Леон не отвечает ей: перед глазами у него возникает гора обломков – все, что осталось от Храма, – он видит, как падали люди с синими тряпицами и повязками Католической стражи, как градом обрушивались они прямо на головы тех, кто нашел убежище под его сводами, – на раненых, больных, стариков, рожениц, новорожденных, – как каменные глыбы размололи кости «ангелиц». Он видит Мать Марию, превратившуюся в ком кровавого мяса.
– Мирская Мать повсюду тебя ищет, Леон, – точно в ответ на эти мысли звучит рядом чей-то голос.
Он принадлежит только что вошедшему в лачугу сорванцу-торчат под кожей ребрышки, ветхие штаны до колен, связка подсумков и фляг за спиной. Жагунсо освобождают его от этой ноши.
– Мария Куадрадо? – хватает его за худую ручонку Леон. – Ты видел ее? Где она?
– На баррикаде, на улице Святого Элигия, – отвечает мальчуган. – Она всех расспрашивает про тебя.
– Отведи меня к ней! – Леон смотрит на него с тоскливой мольбой.
– Блаженненький с белым флагом пошел к республиканским собакам, – обращаясь к Огневику, говорит мальчик.
Леон, подпрыгнув, снова вцепляется в него.
– Прошу тебя, отведи меня к ней! – чуть не плача повторяет он.

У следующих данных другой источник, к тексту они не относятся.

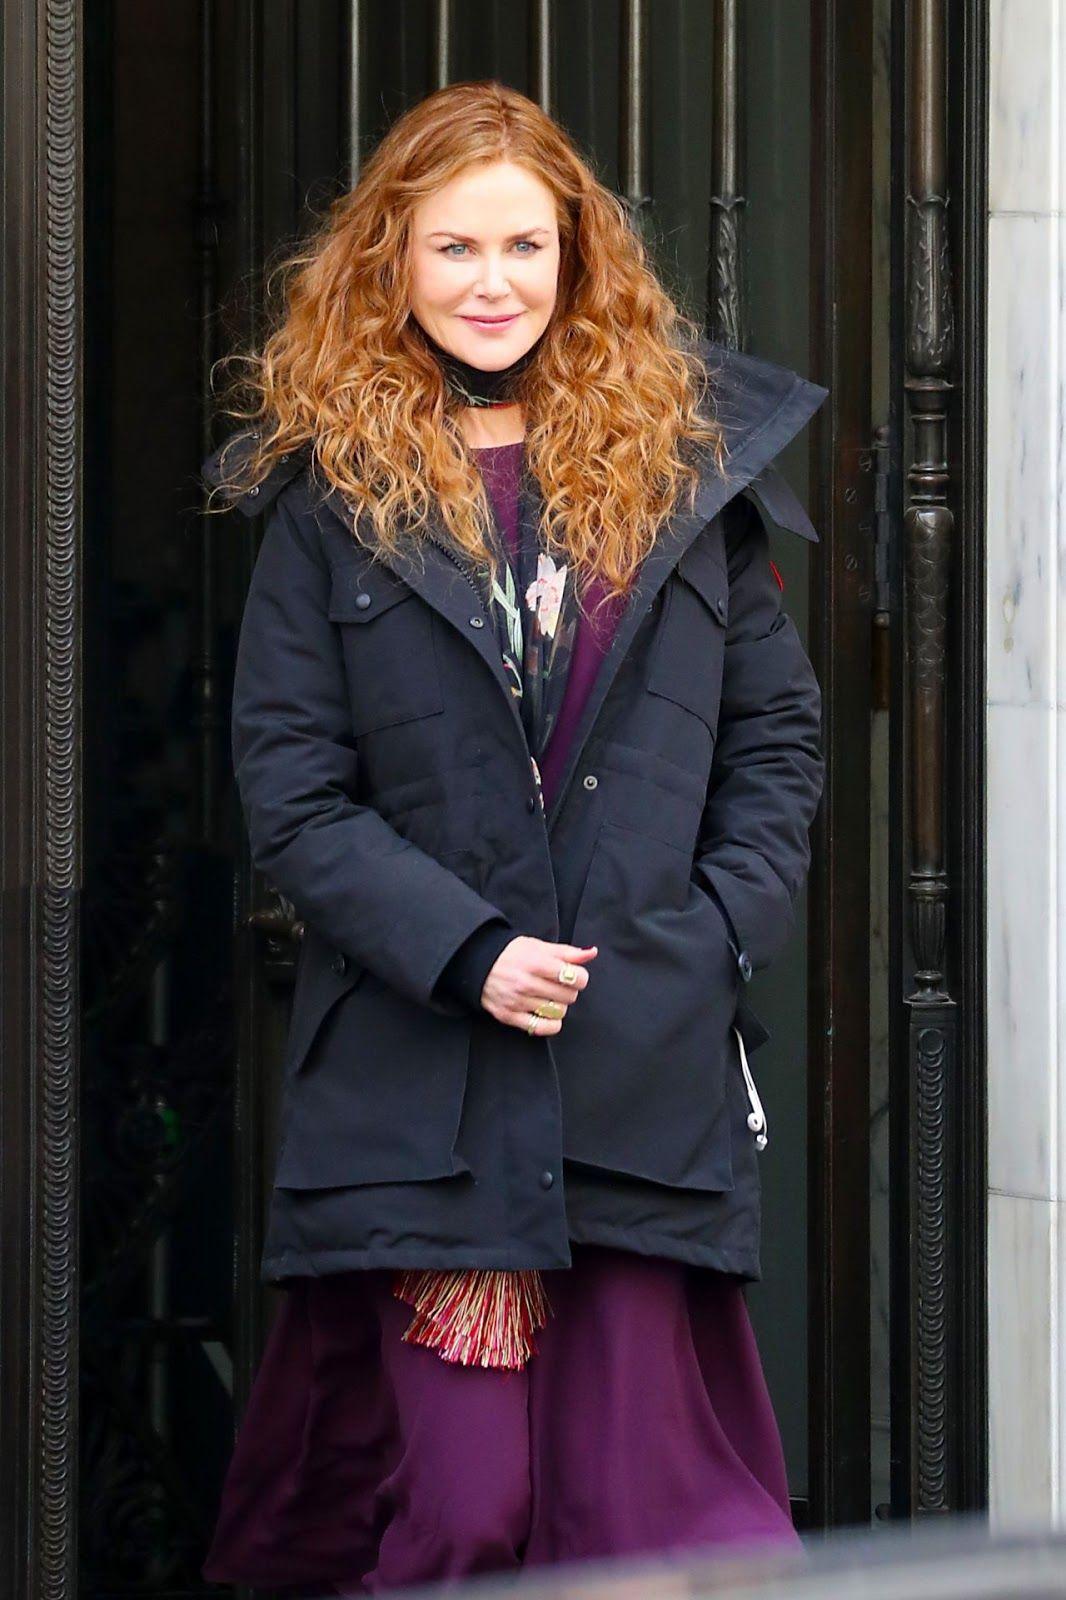 Nicole Kidman The Undoing Set In Nyc 03 14 2019 Nicole Kidman Nicole Fashion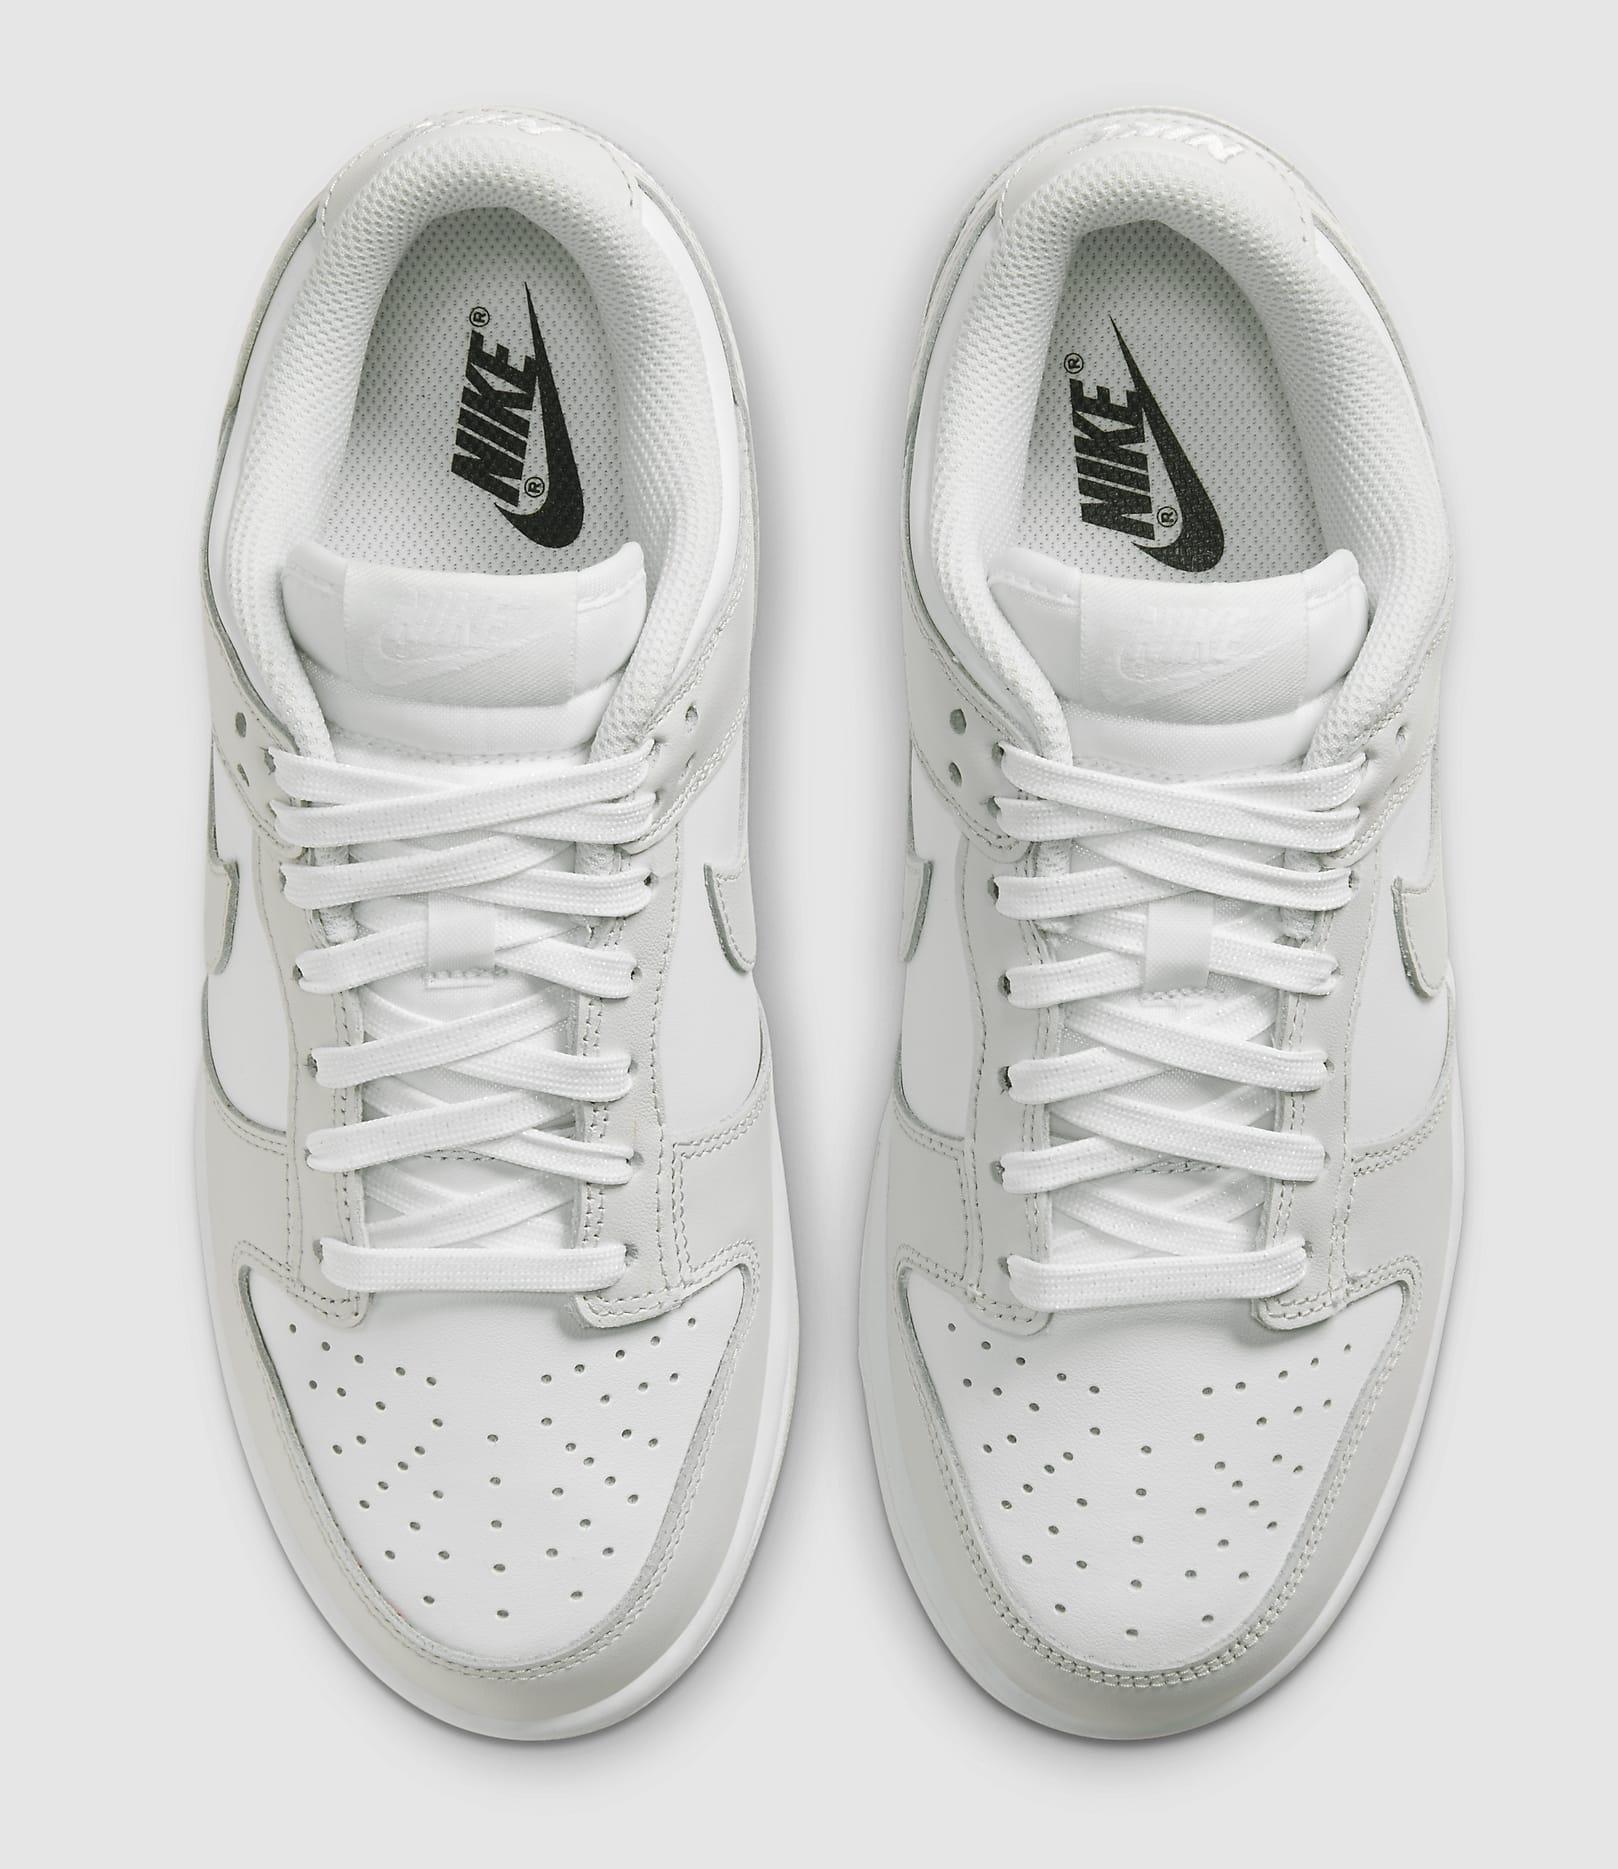 Nike Dunk Low Women's 'Photon Dust' DD1503-103 Top

Мальчик в нерешительности взглядывает на Антонио Огневика.
– Отведи, раз просит, – говорит тот. – А Жоану Апостолу передай, что у нас пока что все тихо. Передашь – сразу назад, ты мне понадобишься. – Он протягивает Леону доставшуюся ему фляжку. – На-ка, выпей на дорогу.
Сделав несколько глотков, Леон бормочет «Благословен будь Господь Иисус Наставник» и выходит из домика следом за мальчишкой. Повсюду, куда ни взгляни, пылают пожары, люди пытаются забросать пламя землей. Улица Святого Петра сравнительно мало разрушена, у домов он видит мужчин и женщин-они окликают его, здороваются, а некоторые спрашивают, видел ли он ангелов, слетевших за Наставником, был ли он при том, как Наставник вознесся на небо? Он не отвечает и не останавливается. Каждый шаг дается ему с огромным трудом, все тело болит, руки совсем не слушаются, не хотят больше отталкиваться от земли. Он то и дело кричит сорванцу, чтобы не бежал так, он не поспевает, а тот вдруг, не вскрикнув, не вымолвив слова, опускается наземь. – Леон подползает к нему и замечает на месте глаз у мальчишки кровавую рану, из которой выглядывает что-то беловатое: не то обломок кости, не то растекшийся белок. Так и не поняв, откуда стреляли, Леон с новыми силами прыгает по земле, шепча: «Мать Мария, Мать Мария, я иду к тебе, я хочу умереть рядом с тобой». Навстречу ему вырастает стена пламени и дыма, и он понимает, что дальше пути нет: вздымающийся огонь перегородил улицу. Жар опаляет ему лицо, и, задыхаясь, Леон останавливается.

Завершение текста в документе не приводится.